The purpose of automaticity is to reduce the energy demand of the brain (and the body) for task performance. In the brain this is done by reducing the number of synapses required for task execution. There is overwhelming evidence for this idea as observed for the frontal cortex, the basal ganglia, and the cerebellum of human subjects overtrained (for one month) on a sequence of finger-tapping routines (Lehericy et al. 2005). Using fMRI, it was found that the activity of the frontal cortex (including the premotor and supplementary motor areas and the anterior cingulate), the basal ganglia (including the striatum, substantia nigra, and subthalamic nucleus), and the cerebellum (including the pons and the cerebellar cortex and nuclei) all exhibited a systematic diminution of activity over the one-month period of overtraining. Furthermore, in the case of express saccades (which are highly automated ocular responses to a visual stimulus by primates) there is evidence that the number of synapses to execute such saccades is greatly reduced by excluding synaptic pathways/synapses of the frontal lobes and extrastriate cortex to focus the activity on a minimal V1 to brainstem channel for task execution (Schiller and Tehovnik 2015).
Automatic behavior, therefore, is designed to reduce the number of synapses used for task execution, which minimizes energy consumption since synapses are very expensive to sustain (Attwell and Laughlin 2001; Richards 2002; Sibson et al. 1998; Shulman et al. 2009). Additionally, such a reduction will make the neocortex available for new learning, which always starts declaratively and transitions into an automated state that depends on the cerebellum (Tehovnik, Hasanbegović, Chen 2024). The amount of energy expended by the brain per (bits per second transferred) will need to be assessed both for new learning of a task and for the automatic performance of an overlearned task.
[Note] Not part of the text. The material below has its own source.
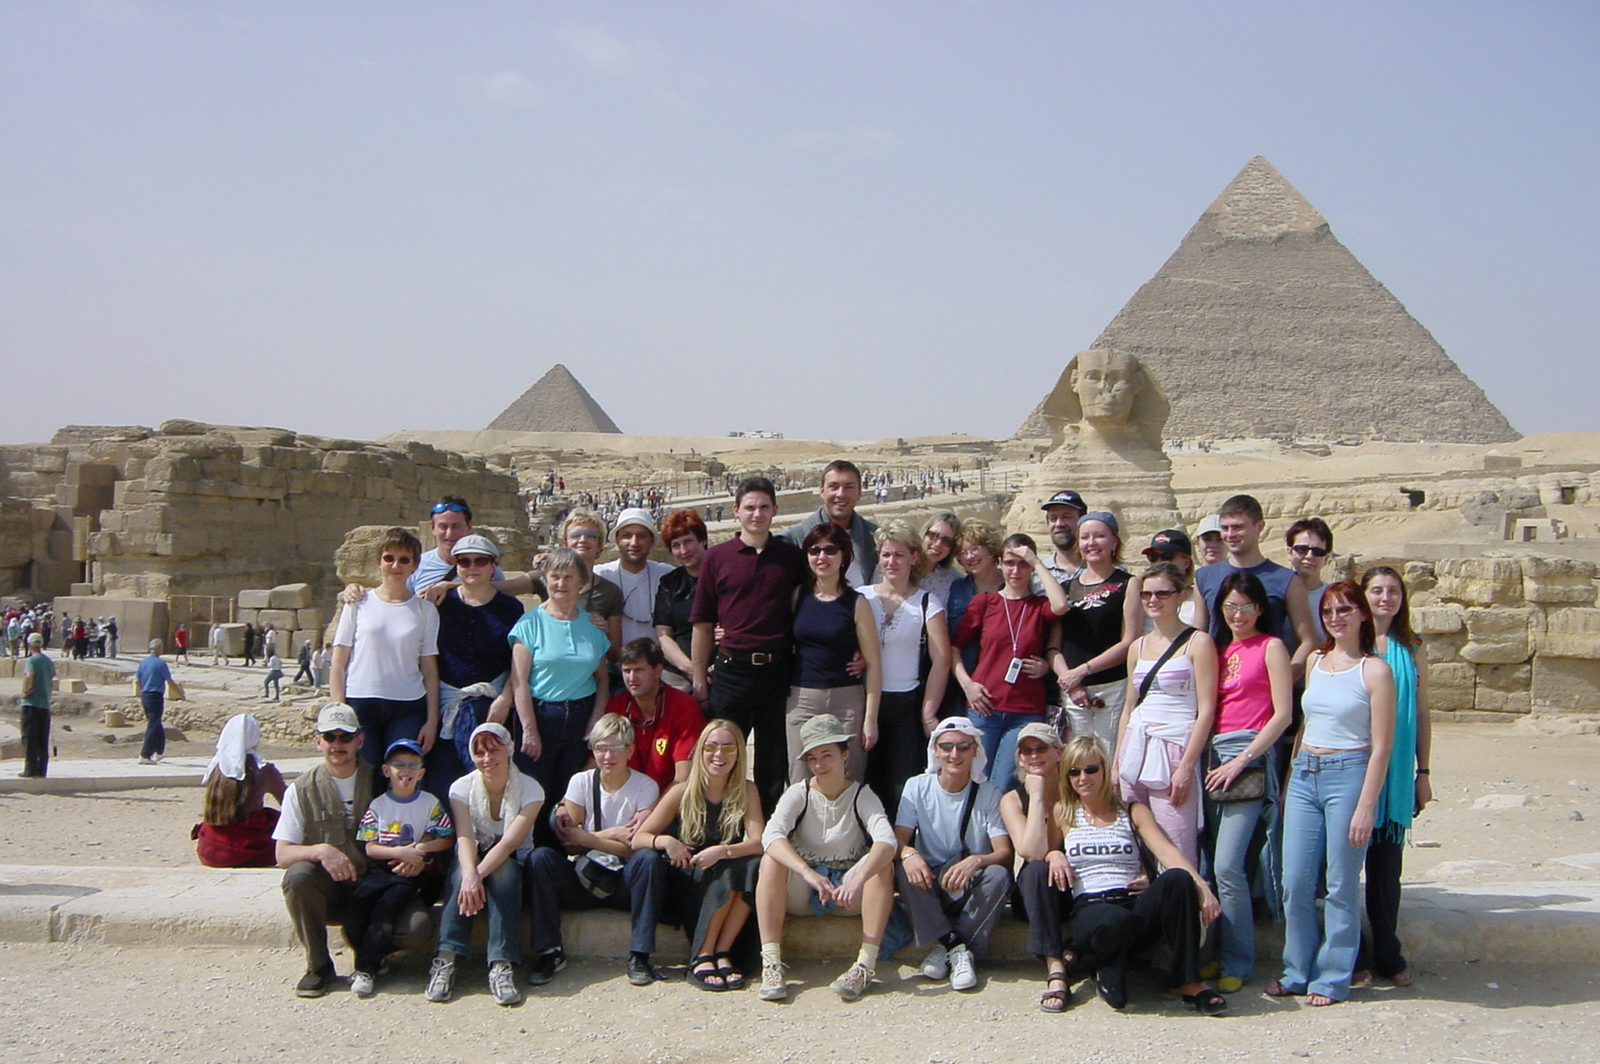 
Ai piedi delle grandi piramidi, Il Cairo

This metric should yield a measure of the energy reduction by the brain once behaviors become automated, and this metric can be used to evaluate the energy reduction by species in general and per task performed by a given species.
Multicellular organisms have evolved to bring about a reduction in energy consumption per cell that occurs as a function of increased body mass or number of cells comprising an organism (which is called Kleiber’s Law: Delong et al. 2010; Moses et al. 2016; Wells 2007). That energy reduction has been factored into the evolutionary process should not be a surprise. For survival, major portions of the brain such as the cingulate and orbital cortices and their subcortical targets, especially the hypothalamus, are dedicated to energy regulation (Katsumi et al. 2021). It has been suggested by Katsumi et al. that emotionality as mediated by the brain may have evolved to regulate an animal’s energy consumption. In a like manner, therefore, it should not be a surprise that automaticity has evolved for regulating an animal’s energy budget.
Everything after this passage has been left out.